Ты гулльлива и вольна…
– и вот уже где-то на досознательном уровне рисуется светлая безмятежная идиллическая картина, обещающая счастливый исход. Можно ли сказать подобное о "седой равнине моря", можно ли предположить, чтобы заметенная штормовой пеной волна "бочку вынесла легонько и отхлынула тихонько"?
Впрочем, наверное, любой язык вообще изобилует иллюстрациями смысловой значимости отдельных фонем, и русский, конечно же, не исключение. Так что направление исследований, получившее определение фоносемантики (Ч. Осгуд), рождалось отнюдь не на пустом месте.
Все эти смысловые эффекты вызываются именно специфическим сочетанием звуков. Но фонетическое акцентирование смысла доступно не только высокой поэзии. Обратим внимание на то, как мы сами обращаемся к младенцу. Со стороны это, может быть, и кажется смешным и нелепым, но, по-видимому, и здесь включаются какие-то рефлекторные, обходящие наше сознание, механизмы, которые заставляют нас "сюсюкать".

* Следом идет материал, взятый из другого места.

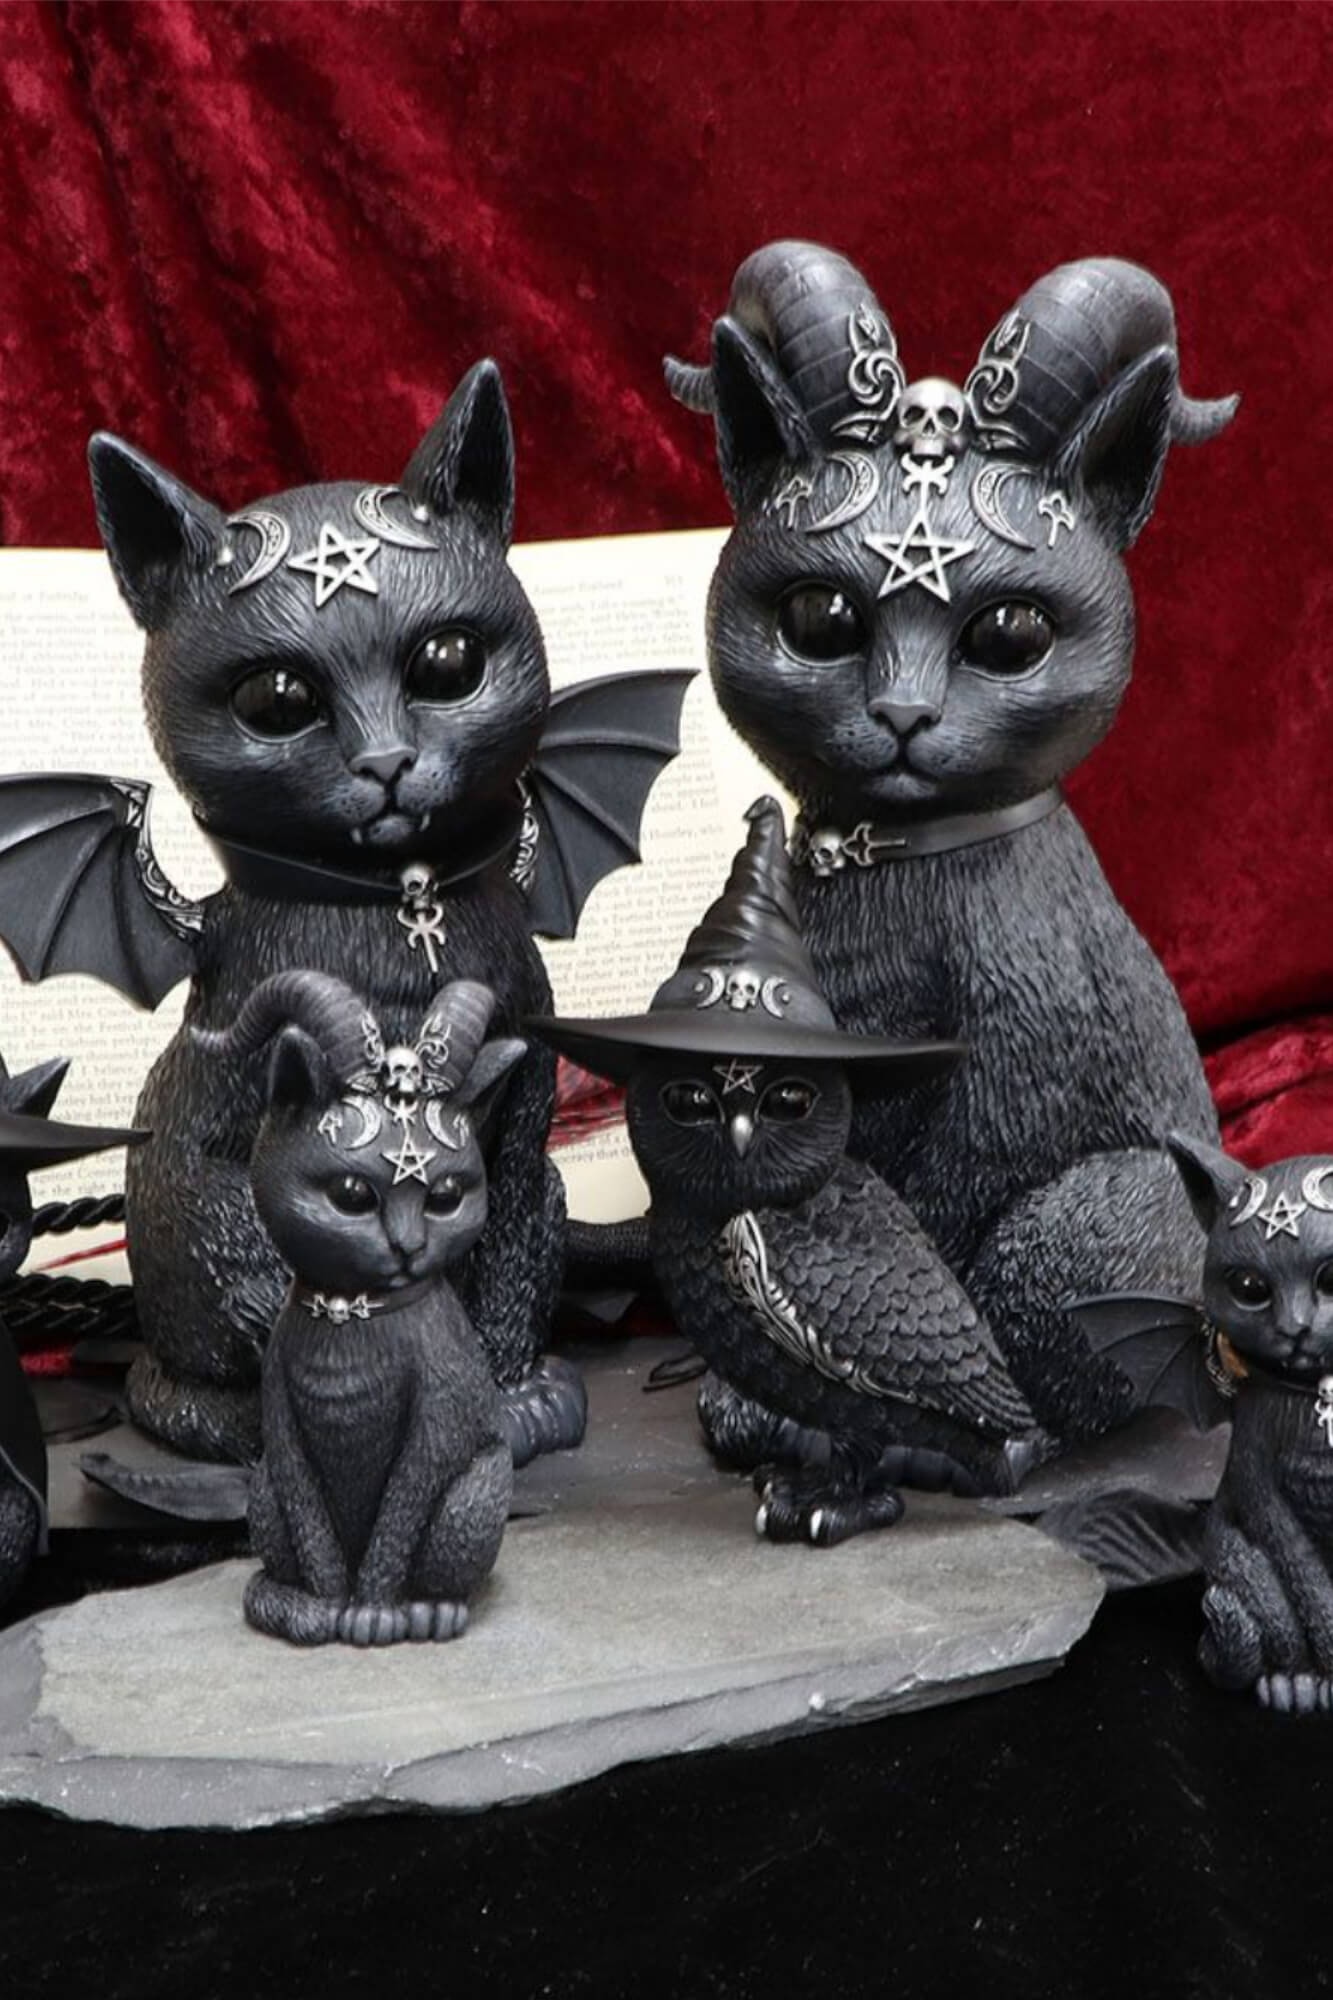 Nemesis Now Pawzuph Horned Occult Cat Figurine Ornament

Так что определенный смысл может передавать не только развернутое речение, но часто и отдельный звук. Правда, все это только там, где он вплетается в развернутое речение, то есть, в конечном счете, там, где существует и развитая речь, и совершенный артикуляционный аппарат, и сложившиеся ритуалы общения. На самой же заре человеческой истории, механизмы артикуляции выразить тонкие движения человеческой души были не в состоянии. Впрочем, как уже говорилось здесь, еще нужно было родиться и тонким движениям самой души. Поэтому на ранних этапах истории отдельный звук не значил ничего.
Или, напротив, содержал в себе несоизмеримо большее, чем это может представить сознание современного человека.
Одно из основных отличий иероглифического письма от вокализованного состоит в неспособности первого отражать тонкие нюансы значения, которые поддаются передаче лишь с помощью сложных форм управления языковыми категориями и их взаимосвязи. Но вот вопрос: могли ли существовать такие формы там, где еще только зачиналась иероглифика? Могла ли существовать тонкая дифференциация значения там, где еще не было широкой диверсификации человеческого быта? Ведь в сущности и сегодня все возможности современной грамматики в состоянии реализовать в полной мере только очень ограниченный круг интеллигентов; речевой обиход подавляющего большинства, да и его ментальная практика, оперируют куда более простыми конструкциями.
Грамматика отнюдь не безучастна к той системе материальных взаимодействий, которая объединяет все окружающие предметы и явления нашего мира, и не может быть развитых отношений между языковыми категориями там, где практика человека еще не вплетена в нее. Поэтому вовсе не исключено, что и эволюция систем письма происходит параллельно развитию способности человека к формированию все более сложных и по-разному сопрягаемых друг с другом видов деятельности. А значит, в конечном счете и более совершенной огранке значений рождаемого им слова.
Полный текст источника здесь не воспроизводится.